Amoxicillin is the first-line antibiotic for most ear infections in both children and adults. It’s effective against the bacteria that most commonly cause middle ear infections, it’s inexpensive, and it has relatively few side effects. But the specific antibiotic, dose, and duration depend on the type of ear infection, the patient’s age, allergy history, and whether the first round of treatment works.
Middle Ear Infections: Amoxicillin First
The most common ear infection, acute otitis media, affects the middle ear and typically follows a cold or upper respiratory infection. The three bacteria responsible for most cases are Streptococcus pneumoniae, Haemophilus influenzae, and Moraxella catarrhalis. Amoxicillin covers these well and remains the standard starting point.
The dose matters. In areas where antibiotic-resistant bacteria are common, a high-dose regimen (roughly double the standard dose) is recommended. Resistance is not rare: studies of children with ear infections have found that nearly 30% of pneumococcal bacteria cultured from middle ear fluid showed some level of penicillin resistance. The higher dose overcomes that resistance in many cases.

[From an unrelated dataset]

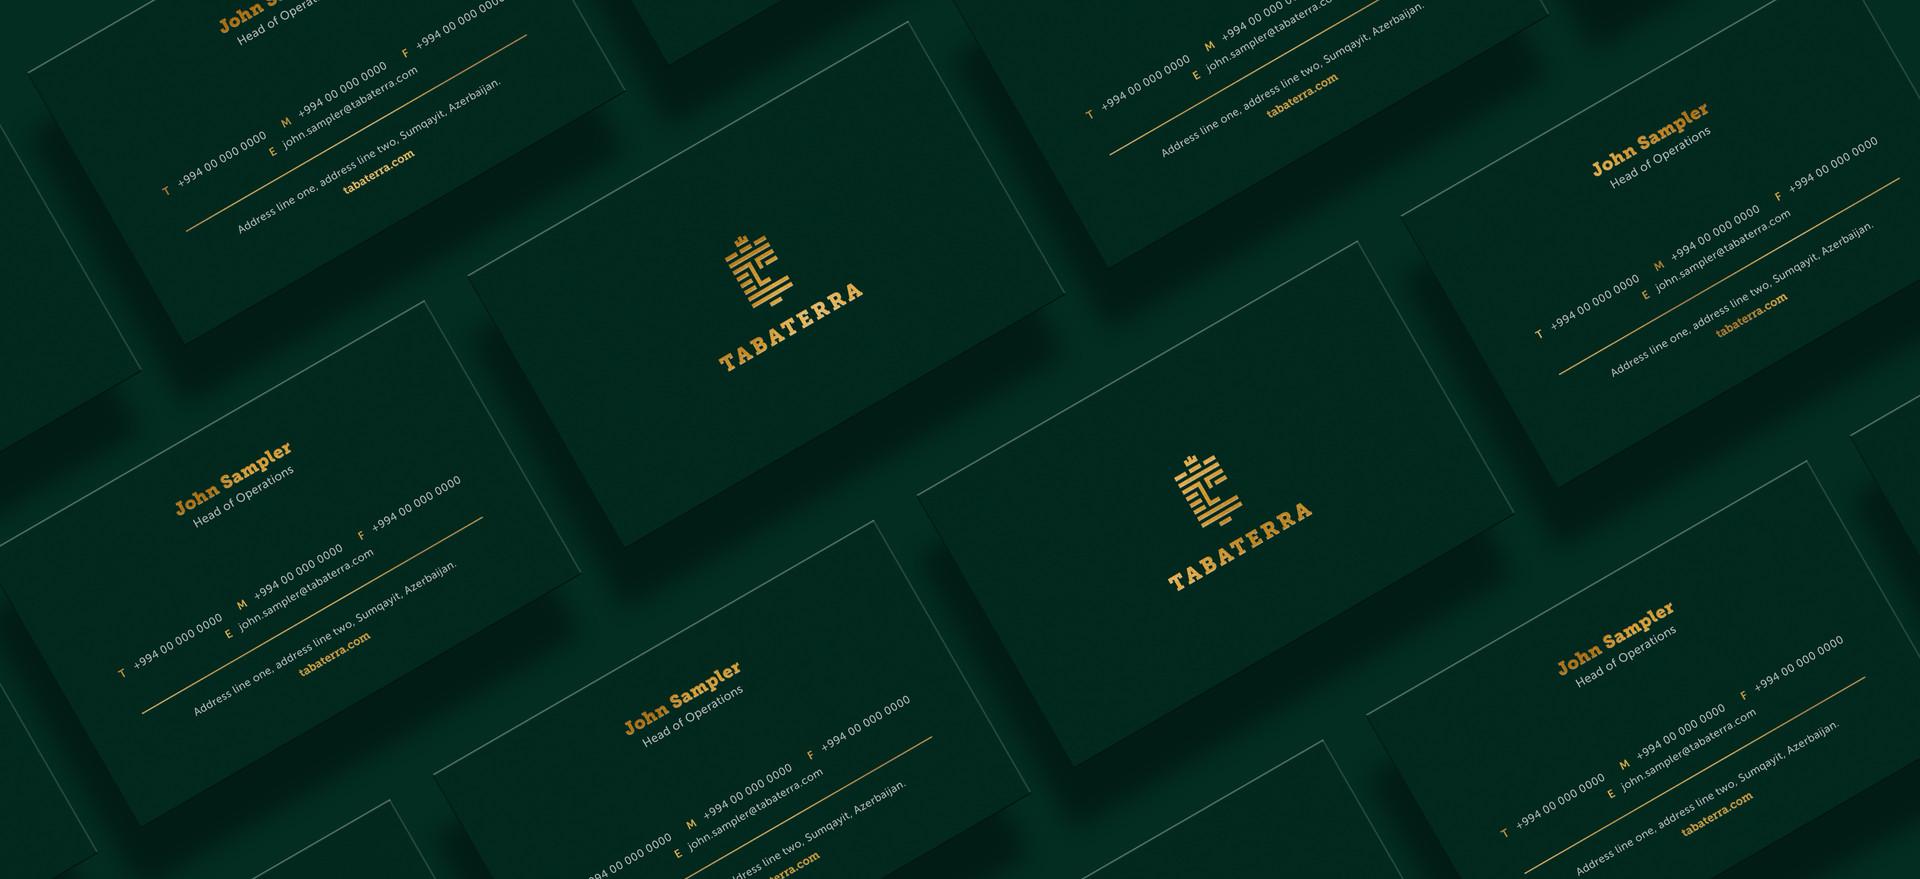 tll_tabaterra_Bus card design 2.jpg

In areas where resistance rates are low, the standard dose is often sufficient.
When Amoxicillin Doesn’t Work
If symptoms haven’t improved after 48 to 72 hours on amoxicillin, the typical next step is amoxicillin-clavulanate. This combines amoxicillin with a compound that blocks the defense mechanism some bacteria use to deactivate the antibiotic. It’s particularly useful against Haemophilus influenzae and Moraxella catarrhalis strains that resist plain amoxicillin. The FDA-recommended treatment course for this combination is 10 days for ear infections.

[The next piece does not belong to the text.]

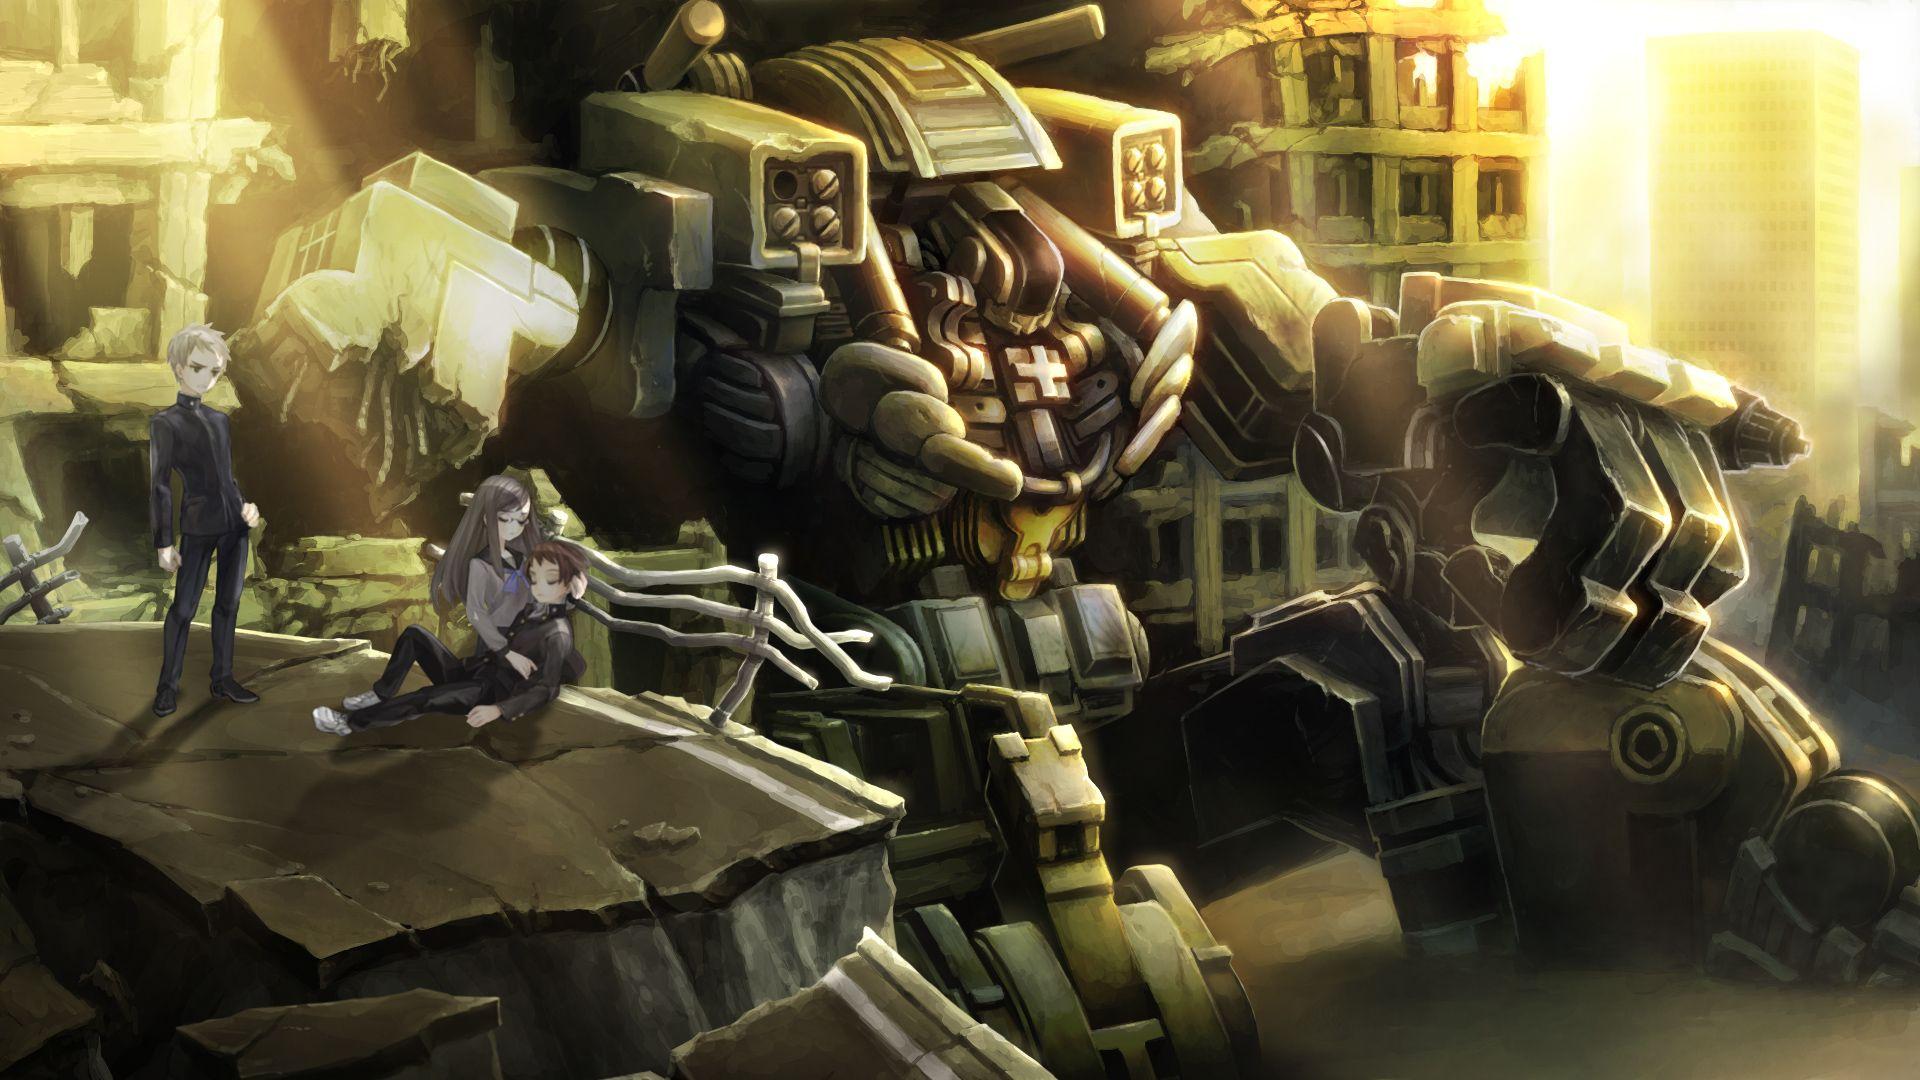 13-Sentinels

Alternatives for Penicillin Allergies
If you or your child has a mild or non-severe penicillin allergy, several alternatives work well. These include cefdinir, cefuroxime, and cefpodoxime, all taken by mouth, or ceftriaxone given by injection for up to three days. These belong to the cephalosporin class, which is related to penicillin but tolerated by most people with non-severe penicillin allergies.
For severe penicillin allergies, where the reaction involved hives, swelling, or difficulty breathing, cephalosporins may also pose a risk. In those cases, levofloxacin can be considered as an alternative.
Not Every Ear Infection Needs Antibiotics Right Away
Many ear infections, especially mild ones, resolve on their own. The CDC outlines specific criteria for a “watchful waiting” approach, where you monitor symptoms for two to three days before starting antibiotics. This applies to:
- Children 6 to 23 months old if only one ear is infected, symptoms have lasted less than two days, pain is mild, and temperature is below 102.2°F
- Children 2 years and older if one or both ears are infected and they meet those same symptom thresholds
The idea is to avoid unnecessary antibiotic use while keeping a prescription on standby. If symptoms worsen or don’t improve within two to three days, you fill the prescription and start treatment. This approach reduces antibiotic exposure without increasing the risk of complications.
How Long the Course Lasts
Treatment duration isn’t one-size-fits-all. Children under two years old, or anyone with severe symptoms, typically get a full 10-day course. Children two and older with mild to moderate symptoms can often be treated effectively with a five- to seven-day course. Shorter courses reduce side effects like diarrhea and rash while still clearing the infection.
Outer Ear Infections Use Different Antibiotics
If the infection is in the ear canal rather than behind the eardrum, it’s otitis externa, commonly called swimmer’s ear. This is a different condition caused by different bacteria, and it’s treated with antibiotic ear drops rather than oral antibiotics. The most common prescription is ciprofloxacin combined with a steroid to reduce swelling and pain. The antibiotic kills the bacteria while the steroid addresses inflammation.
When using these drops for swimmer’s ear, you lie on your side and gently pull the outer ear upward and backward to let the drops flow into the ear canal. For children who have ear tubes and develop a middle ear infection, the same drops can sometimes be used, but the technique is different: you press the small flap of cartilage in front of the ear opening in a pumping motion to push the drops through the tube.
Chronic Ear Infections Are a Different Problem
Ear infections that persist or keep recurring involve a different set of bacteria than acute infections. Chronic otitis media is more likely to harbor Pseudomonas aeruginosa, Staphylococcus aureus, and occasionally fungal organisms. These infections require different antibiotics and often need evaluation by a specialist, since the treatment approach and underlying causes differ significantly from a straightforward acute infection.